Exercise goal
Output exactly the lines of the listing below that run from the line with "Rare early 605" through the line with "During his 70-year". No pictures.

Provided records
● ● ● ● ●
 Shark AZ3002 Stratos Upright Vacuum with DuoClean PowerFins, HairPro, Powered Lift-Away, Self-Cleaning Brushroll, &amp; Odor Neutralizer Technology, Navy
● ● ● ● ●
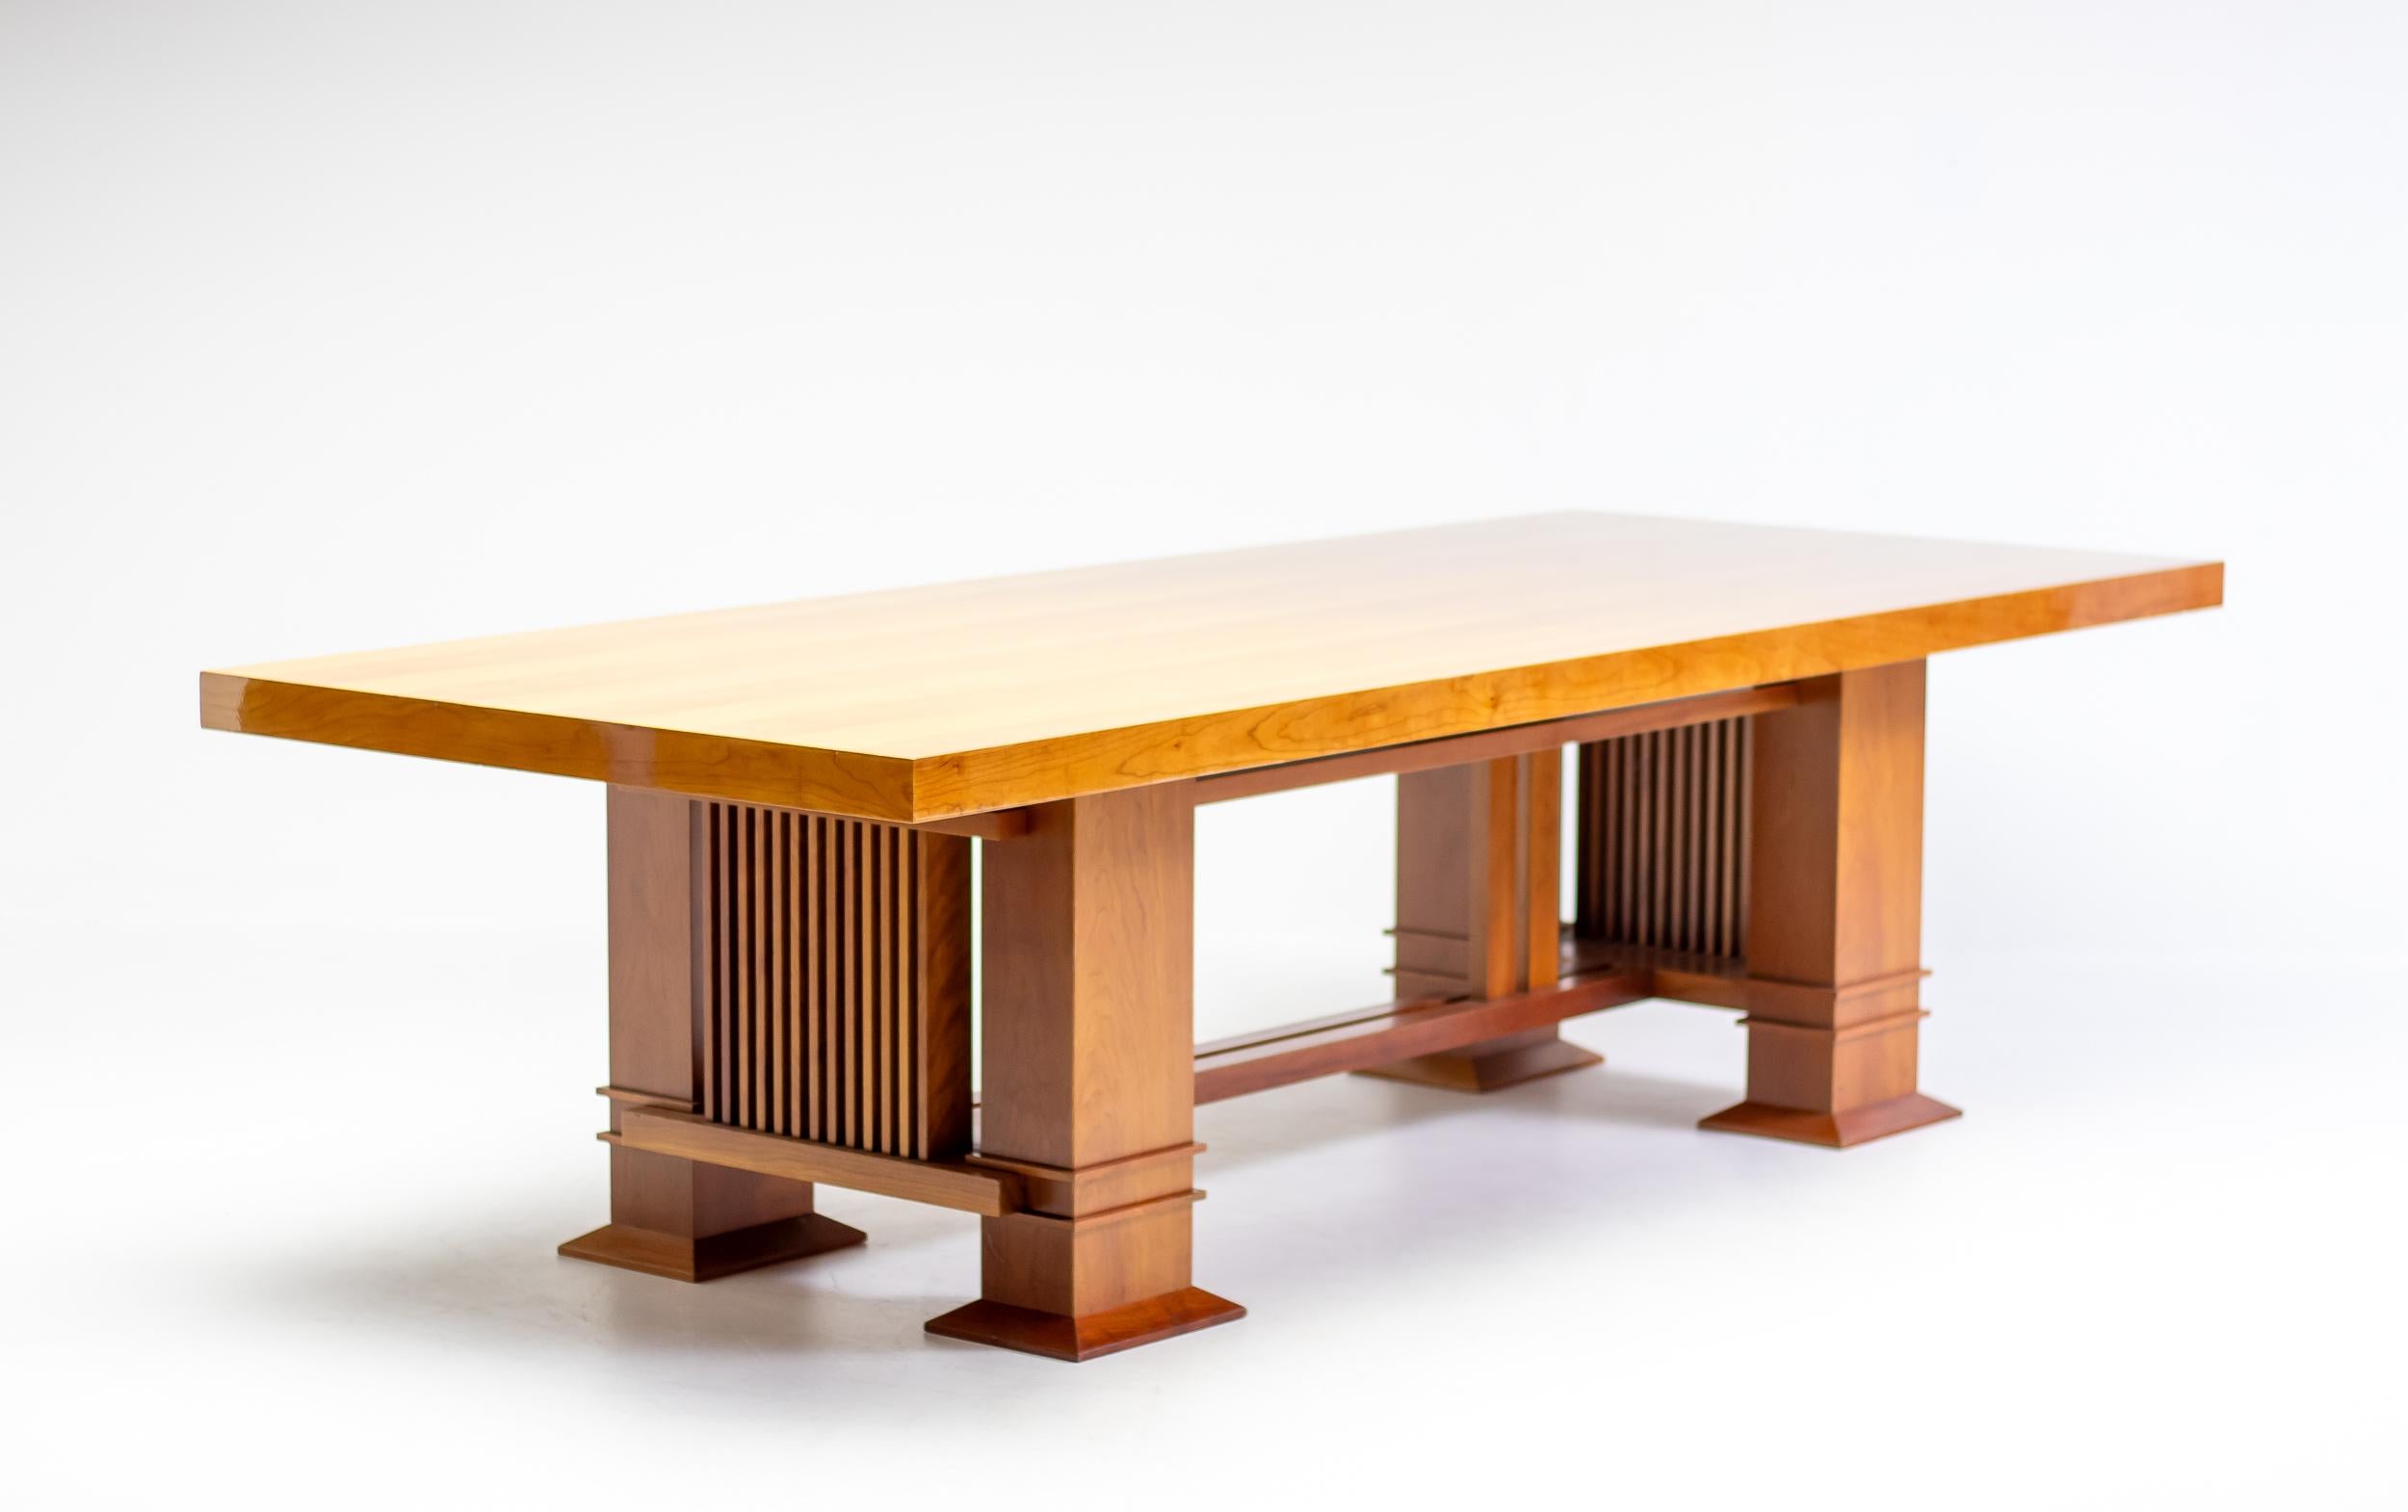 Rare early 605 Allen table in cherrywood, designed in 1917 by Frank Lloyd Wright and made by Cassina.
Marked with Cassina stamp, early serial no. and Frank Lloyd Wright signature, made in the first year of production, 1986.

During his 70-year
● ● ● ● ●
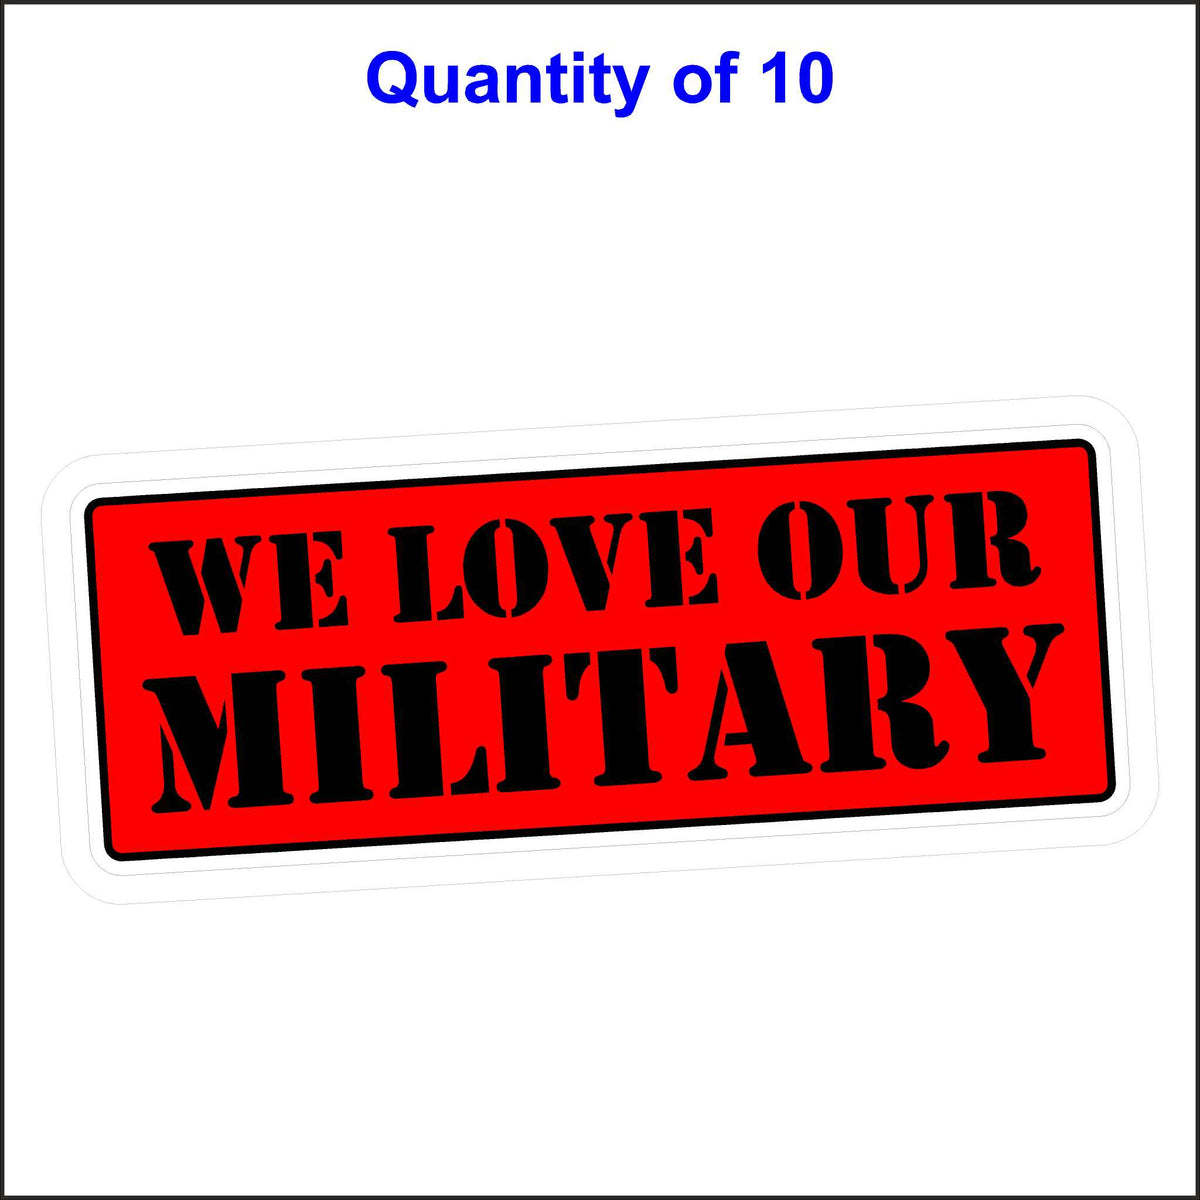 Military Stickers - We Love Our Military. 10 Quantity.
● ● ● ● ●
Completed task
 Rare early 605 Allen table in cherrywood, designed in 1917 by Frank Lloyd Wright and made by Cassina.
Marked with Cassina stamp, early serial no. and Frank Lloyd Wright signature, made in the first year of production, 1986.

During his 70-year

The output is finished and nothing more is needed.